ERC et CCN mobilisent pour le changement de la Constitution

 

Le débat sur le changement de la Constitution prend de l’ampleur en République Démocratique du Congo. Sujet sensible, il divise de plus en plus les confessions religieuses : certaines soutiennent la réforme de la loi fondamentale, tandis que d’autres s’y opposent farouchement.
Dans ce contexte, l’Église du Réveil du Congo (ERC), dirigée par l’évêque Ejiba Yamapia, et la Coalition Citoyenne pour la Nation (CCN) ont annoncé l’organisation d’une grande marche citoyenne pacifique le vendredi 5 juin 2026 à Kinshasa, ainsi que dans plusieurs provinces du pays.
UNE MOBILISATION POUR « LA VOLONTE SOUVERAINE DU PEUPLE »
Dans un communiqué publié le 18 mai 2026, cette plateforme regroupant des forces citoyennes, patriotiques, spirituelles et sociales affirme vouloir soutenir le processus de réforme constitutionnelle « fondé sur la volonté souveraine du peuple congolais ». Selon la CCN, cette mobilisation vise à permettre aux Congolais de « reprendre démocratiquement la parole » face aux défis sécuritaires, institutionnels, politiques, sociaux et économiques qui menacent l’avenir du pays.
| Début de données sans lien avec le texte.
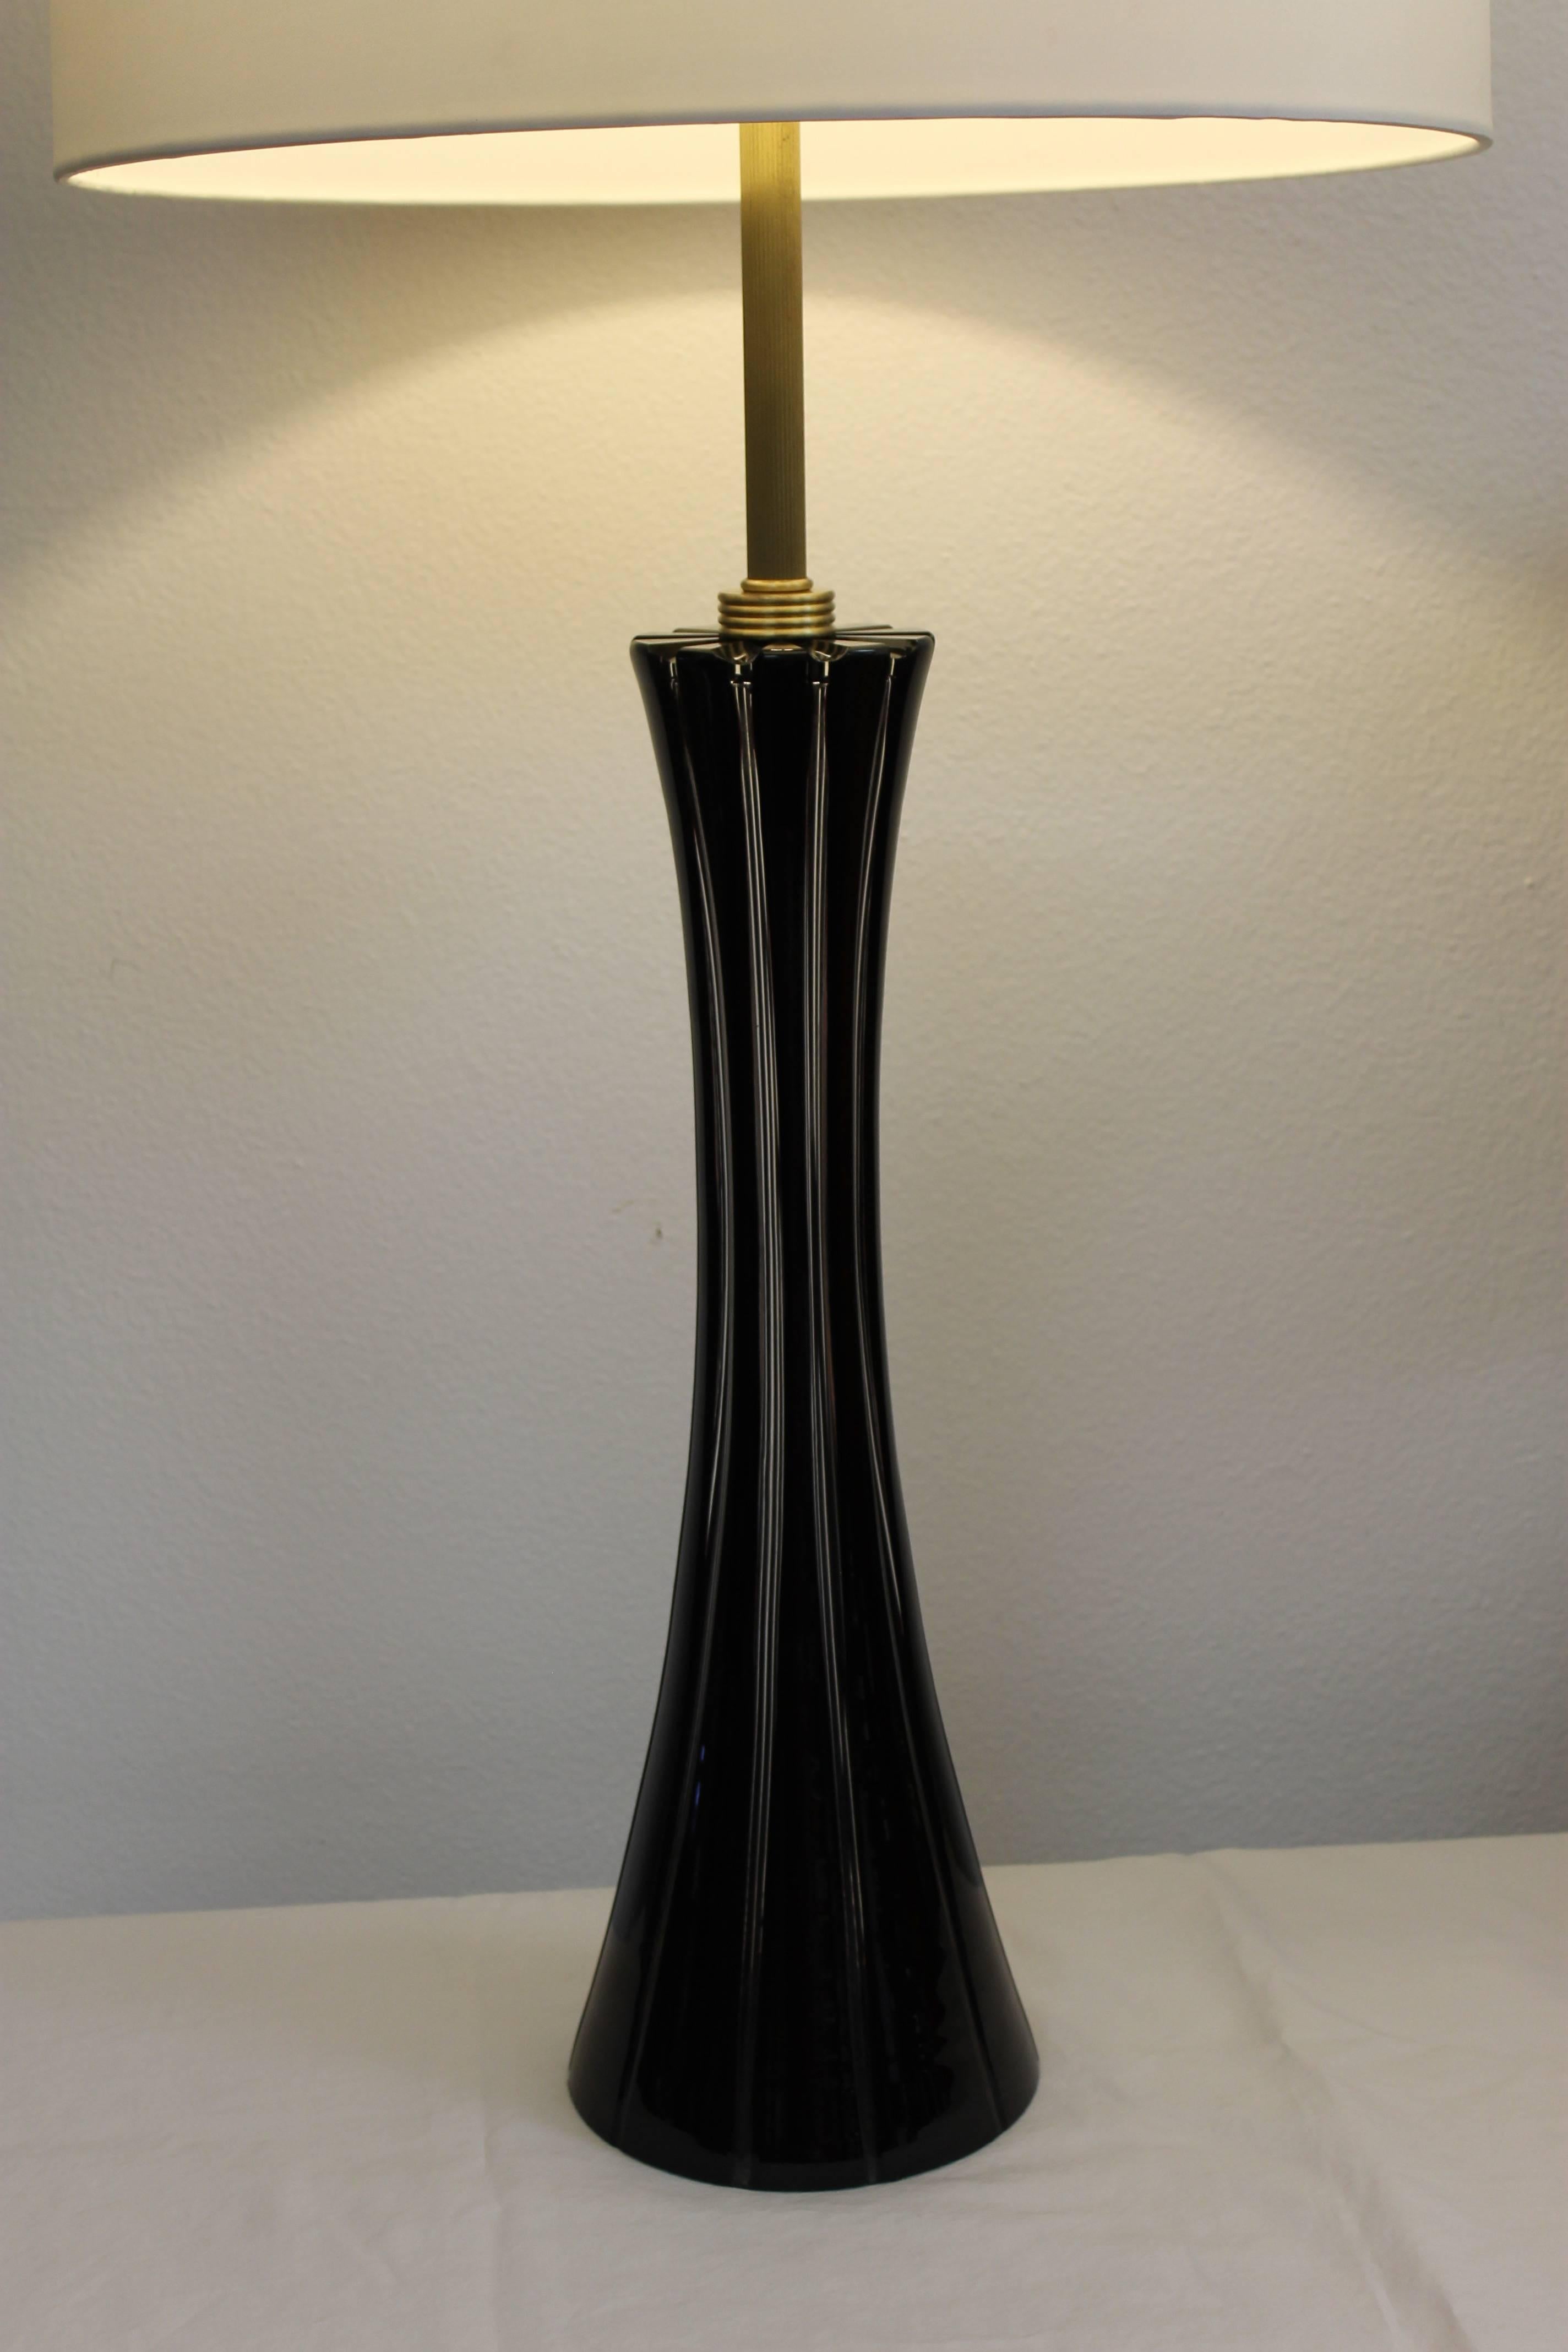 Black and clear glass lamp signed R.H. Lamp measures 29.5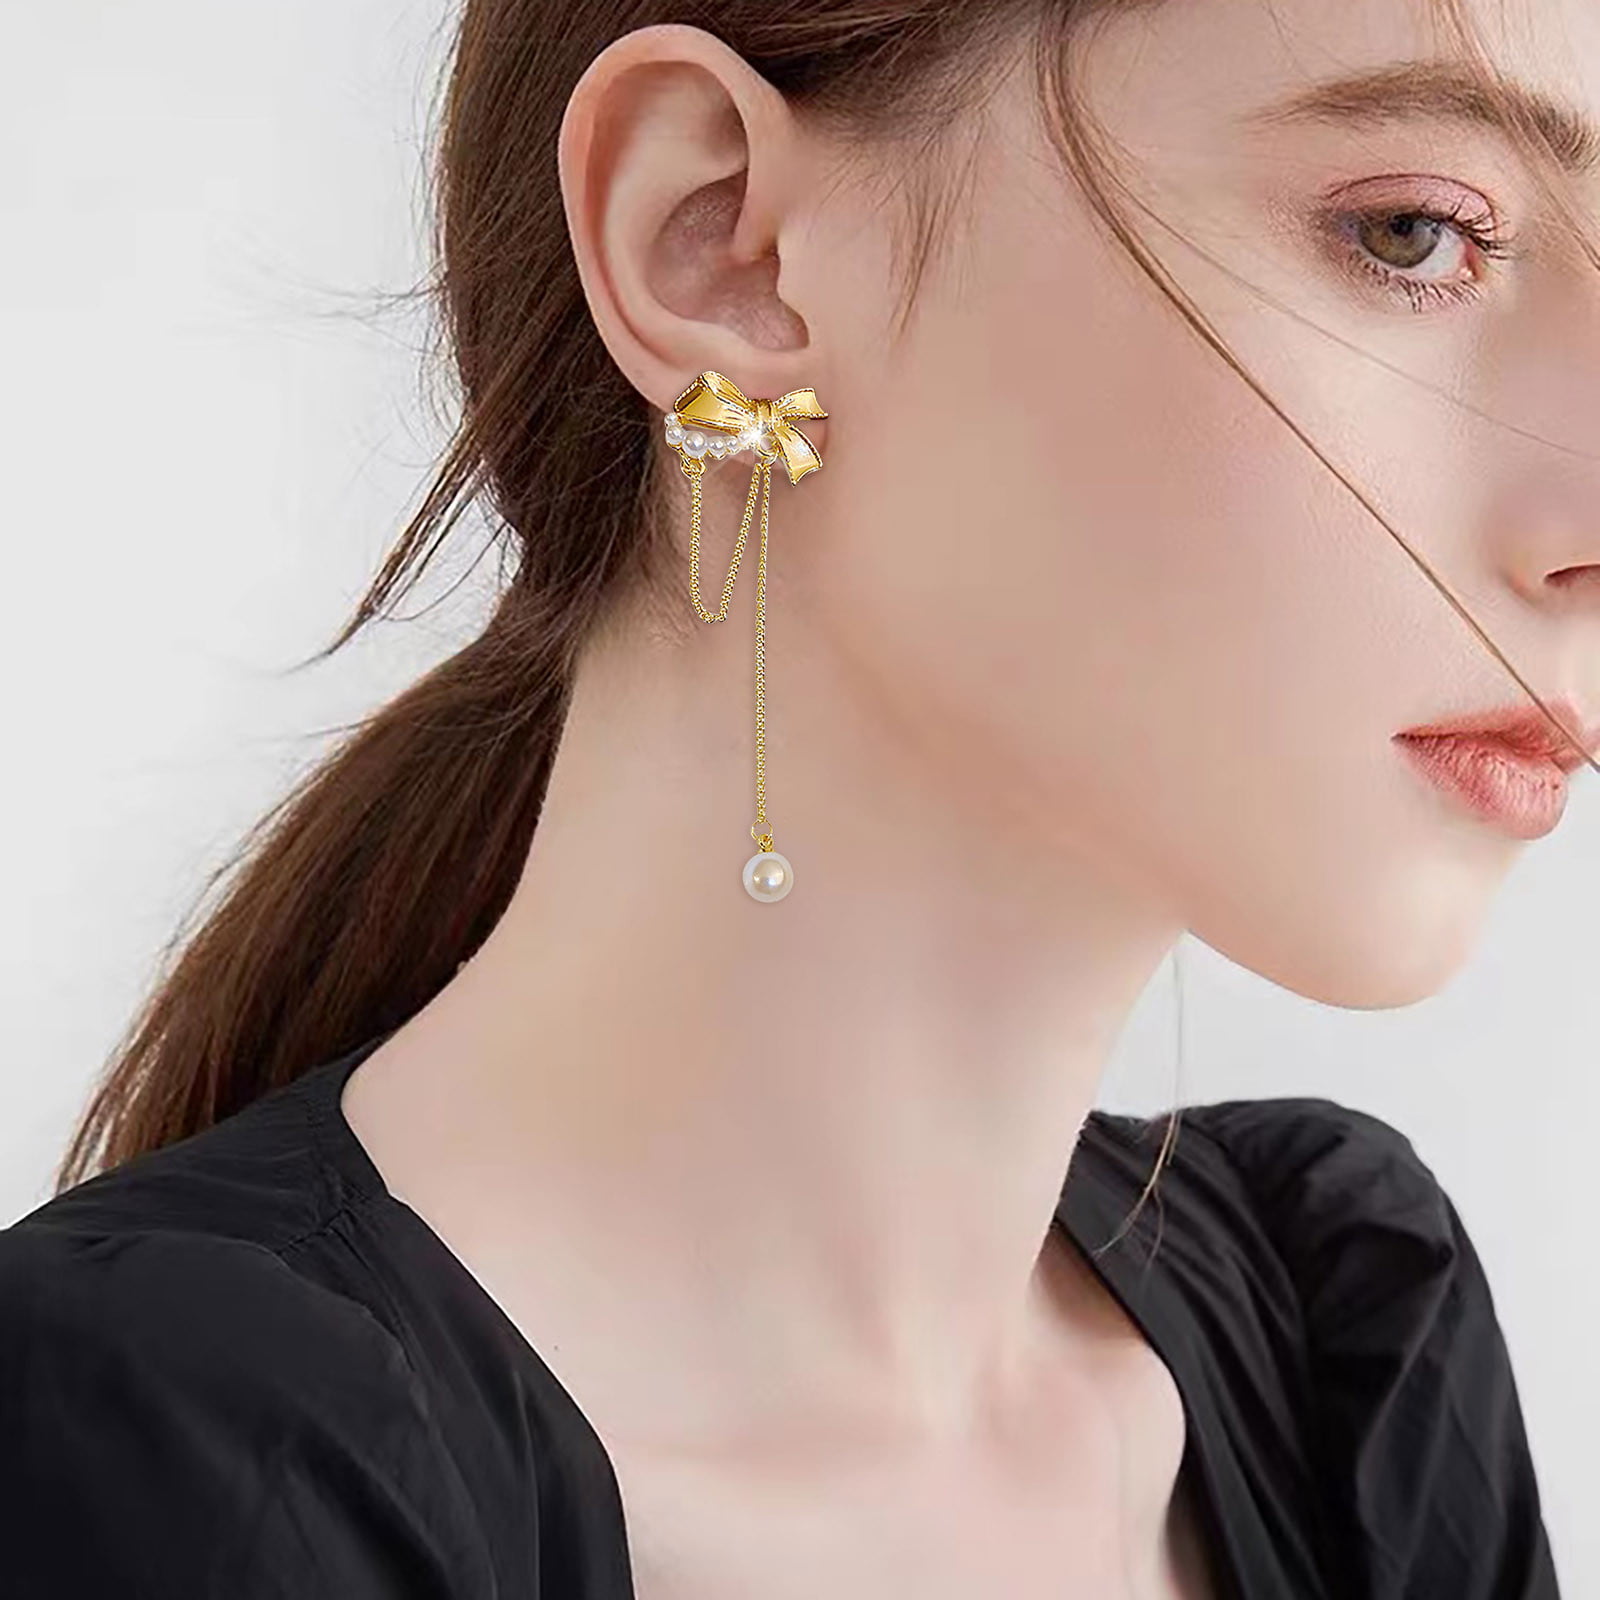 2019 Korean Minimalist Gold Color Twisted Alloy Ball Simulated Pearl Fish  Hook Earrings For Women Frech Romantic Drop Earrings From Jewelryset, $1.57

UNE OPPOSITION RELIGIEUSE ET POLITIQUE
En revanche, l’opposition s’aligne sur la position de l’Église du Christ au Congo (ECC) et de la Conférence Épiscopale Nationale du Congo (CENCO), qui rejettent toute modification de la loi fondamentale. Ces institutions religieuses entendent barrer la route à un changement qu’elles jugent dangereux pour la stabilité du pays.
La marche annoncée par l’ERC et la CCN s’inscrit donc dans un climat de tension croissante autour de la réforme constitutionnelle, révélant une fracture profonde entre partisans et opposants au sein de la société congolaise.